Author: Julian May
View album and artist detailsArtist/band: |
Rob Harbron |
Label: |
Rob Harbron |
Magazine Review Date: |
Aug/Sep/2019 |
A Labrador, catching the scent of rabbits in the bushes, sniffs about. ‘Polly in the Wood’, one of several lovely tunes that grace Rob Harbron's first solo album, conjures this image exactly. ‘Like a Christmas Tree’ springs from another canine encounter. Harbron, wandering along a Wiltshire towpath at twilight, met a dog wearing a collar lit with LED lights and the tune ‘popped into my head fully formed.’ ‘Mill Lane’, inspired by an old track near Nether Compton in Dorset, is a leisurely stroll of a tune.
This is a proper solo album, just Harbron and his beautiful 1930s Wheatstone Aeola. It's an English, not an Anglo, concertina; the same note sounds on the push and the pull of the bellows. The pop of the buttons as they are pressed and released provides percussive accompaniment. And this is very English music.

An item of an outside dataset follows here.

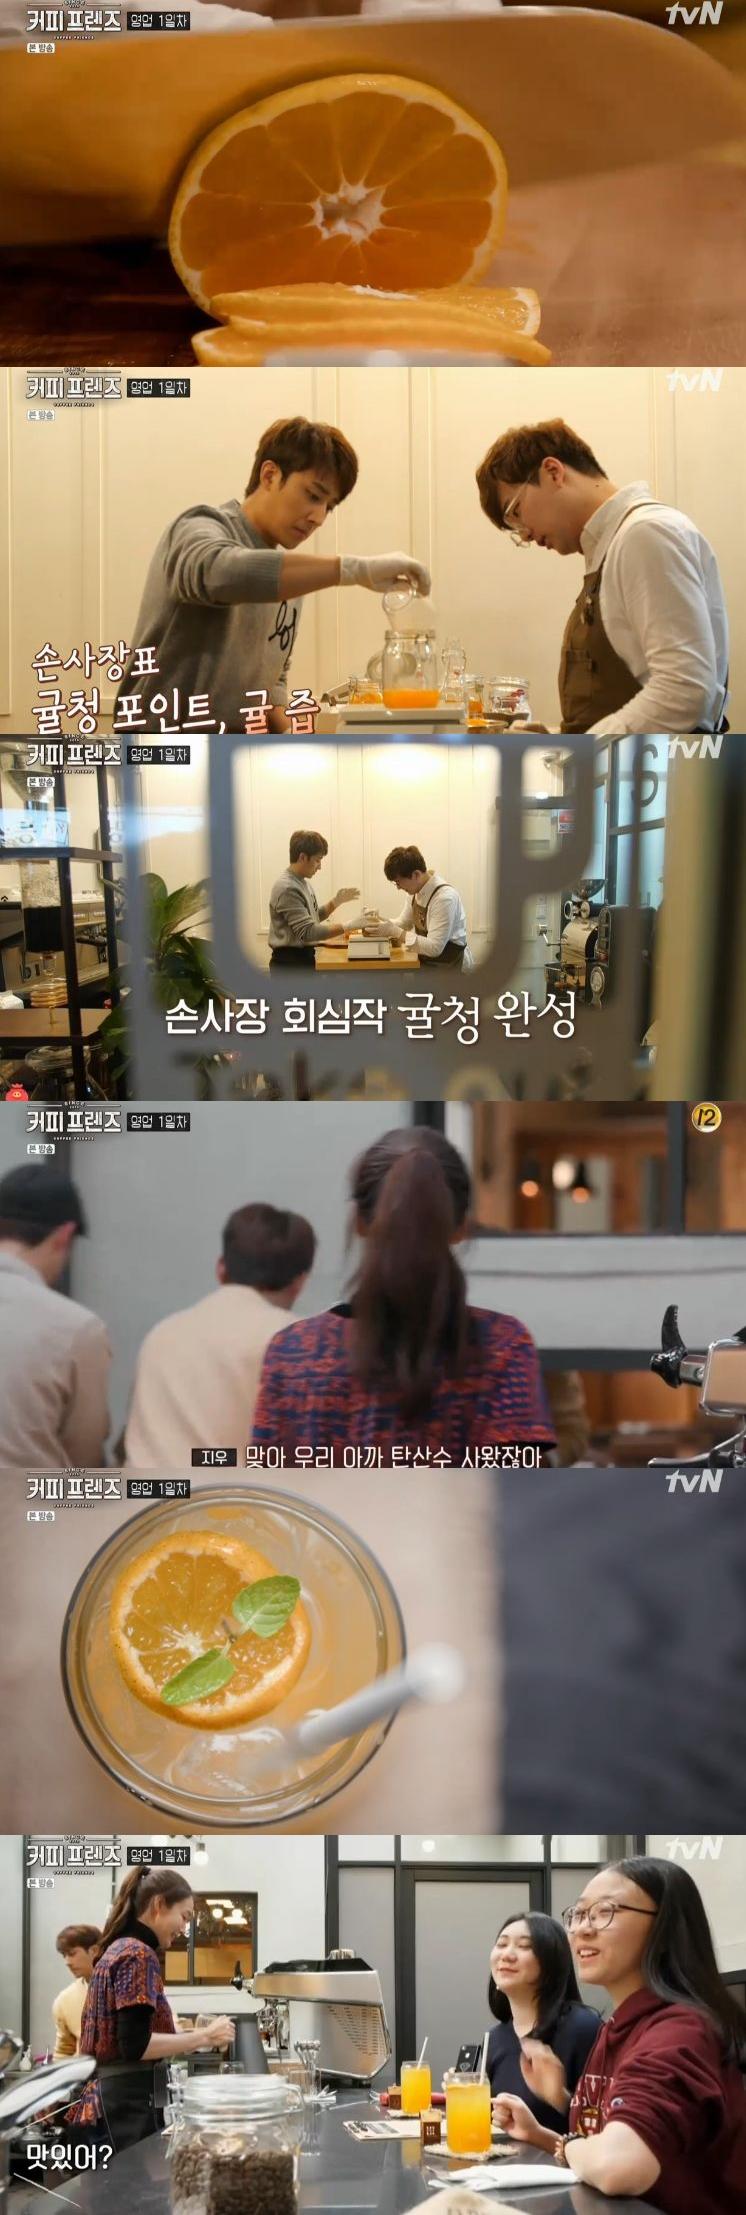 '커피프렌즈' 최지우, 판매율 제로 '꿀귤차' 대신 '꿀귤에이드'로 ...
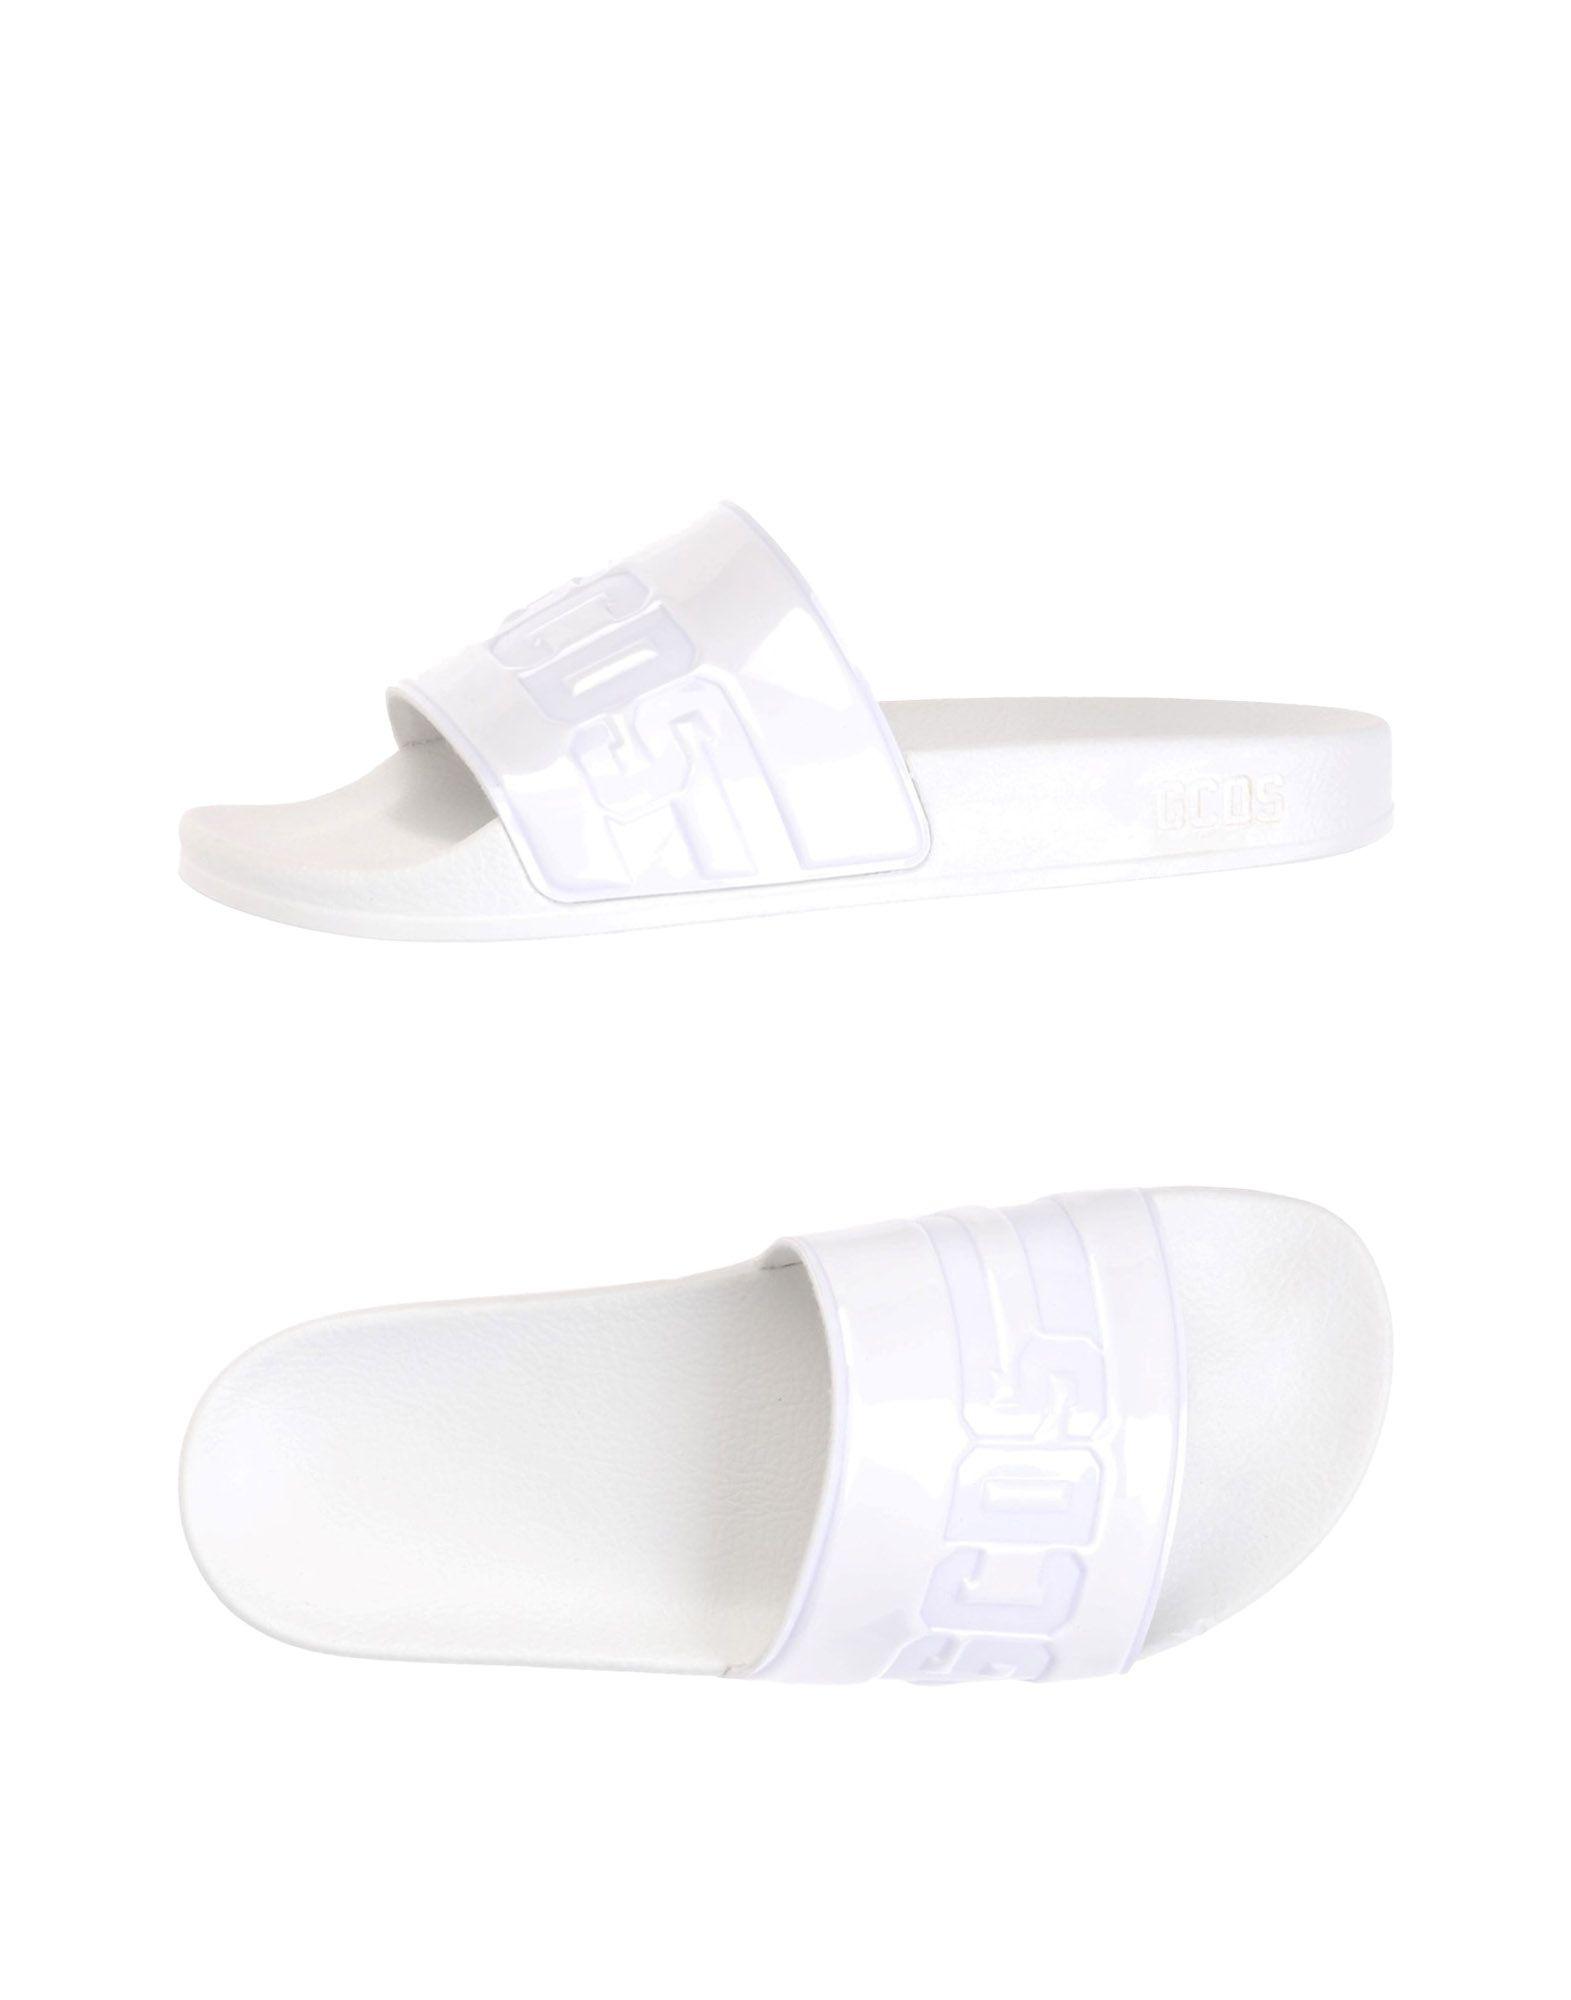 Sandali Gcds _Wh, Slides 01 White - Donna - Acquista online su

Most of the tunes are Harbron's own but, sniffing and digging about, he's flushed out some fine hornpipes from the manuscript of William Irwin, a fiddler from his native Cumbria.
Meanders is the perfect title; several tunes owe their existence to the byways Harbron wanders around. More than this, the distinctive quality of his composing and playing – apparent in his work with Leveret together with Sam Sweeney and Andy Cutting – is the way he rambles around a tune itself, going this way and that, doubling back and then off. Rob Harbron is a musical hound, showing an endless energy and a fine nose for a melody.